Tak, dokładnie o to mi chodzi, aby nie rozpowszechniać kłamliwych treści o UPA, w których kwestionowana jest na różne sposoby przez współczesne pro-banderowskie środowiska i osoby odpowiedzialność tych formacji za ludobójstwo na ponad 100 tys. Polaków. Metody są różne, np. manipulowanie faktami, przeinaczanie faktów, wyolbrzymianie przewin, zmyślanie przyczyn ludobójstwa, itp.

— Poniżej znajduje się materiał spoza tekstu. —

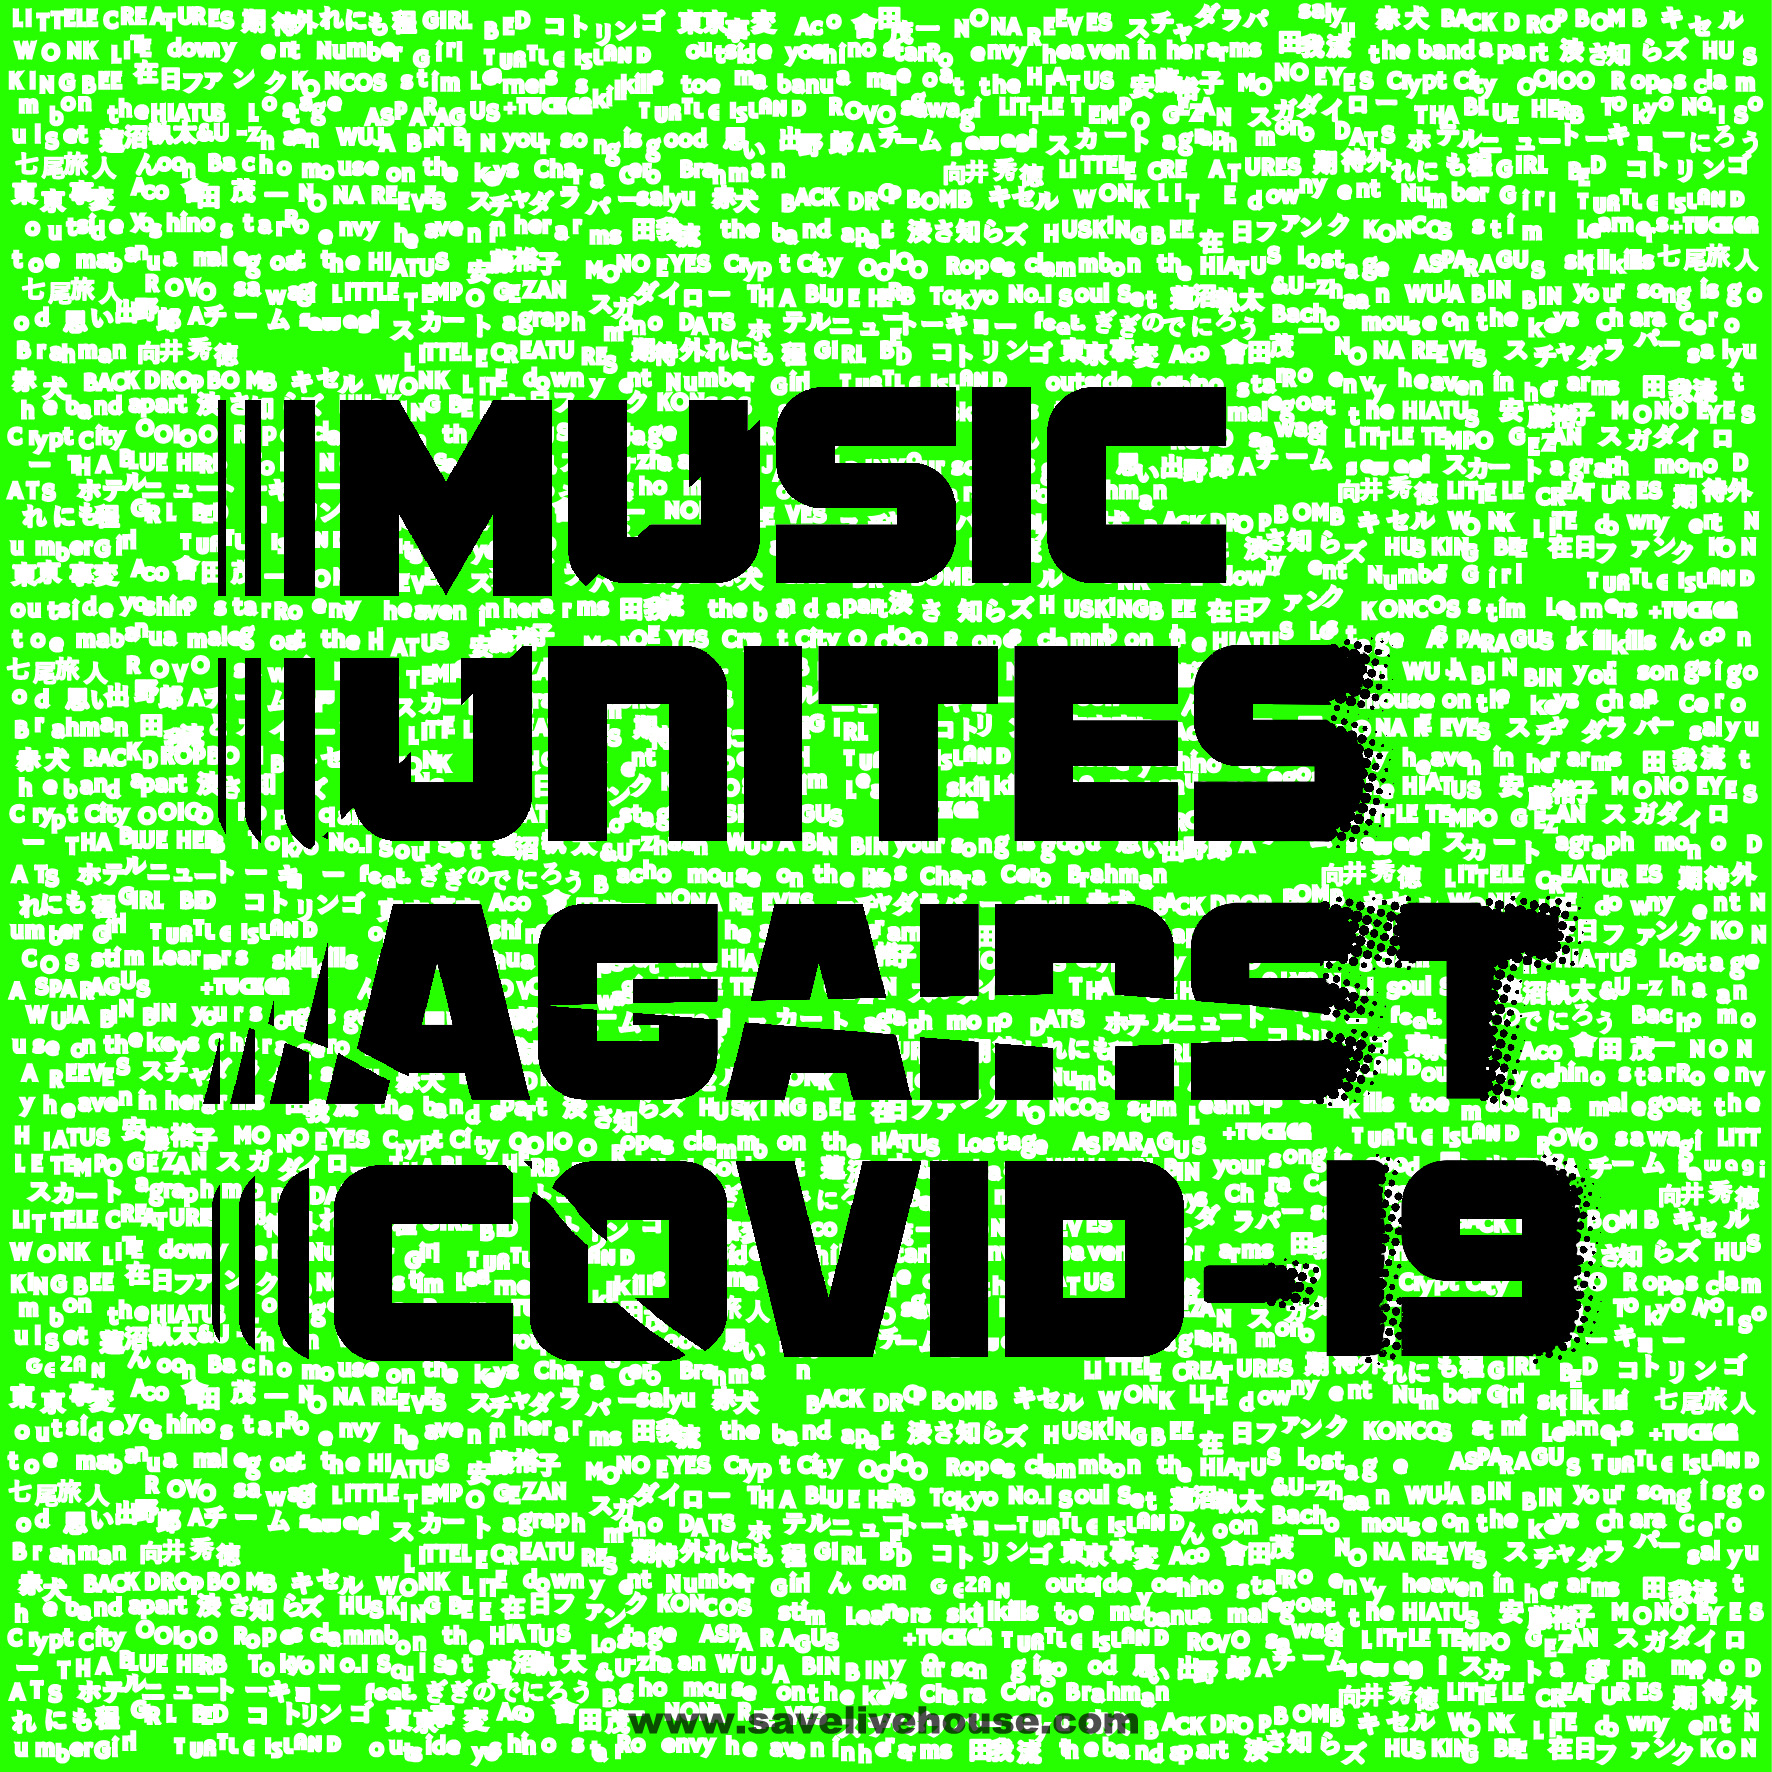 MUSIC UNITES AGAINST COVID-19

Niezgodnemu z prawdą wątku o ślinieniu się do Rosji skomentuje pytanie. Proszę zacytować fragment mojego postu potwierdzający ten gołosłowny zarzut.
Basia
29 października 2017 o 08:14Kresy24 stały się ostatnio polskojęzycznym biuletynem banderowców. Szkoda, kiedyś to był porządny portal, który zawsze warto było poczytać.
Paweł Bohdanowicz
29 października 2017 o 10:50Ciekawa aktualność. Przyda się może na poniedziałkowy ranek.
http://sarmatia.net/2017/weterani-rozpoczeli-blokade-biznesow-poroszenki/
Licht
29 października 2017 o 11:55Kresy24 to ciekawy portal.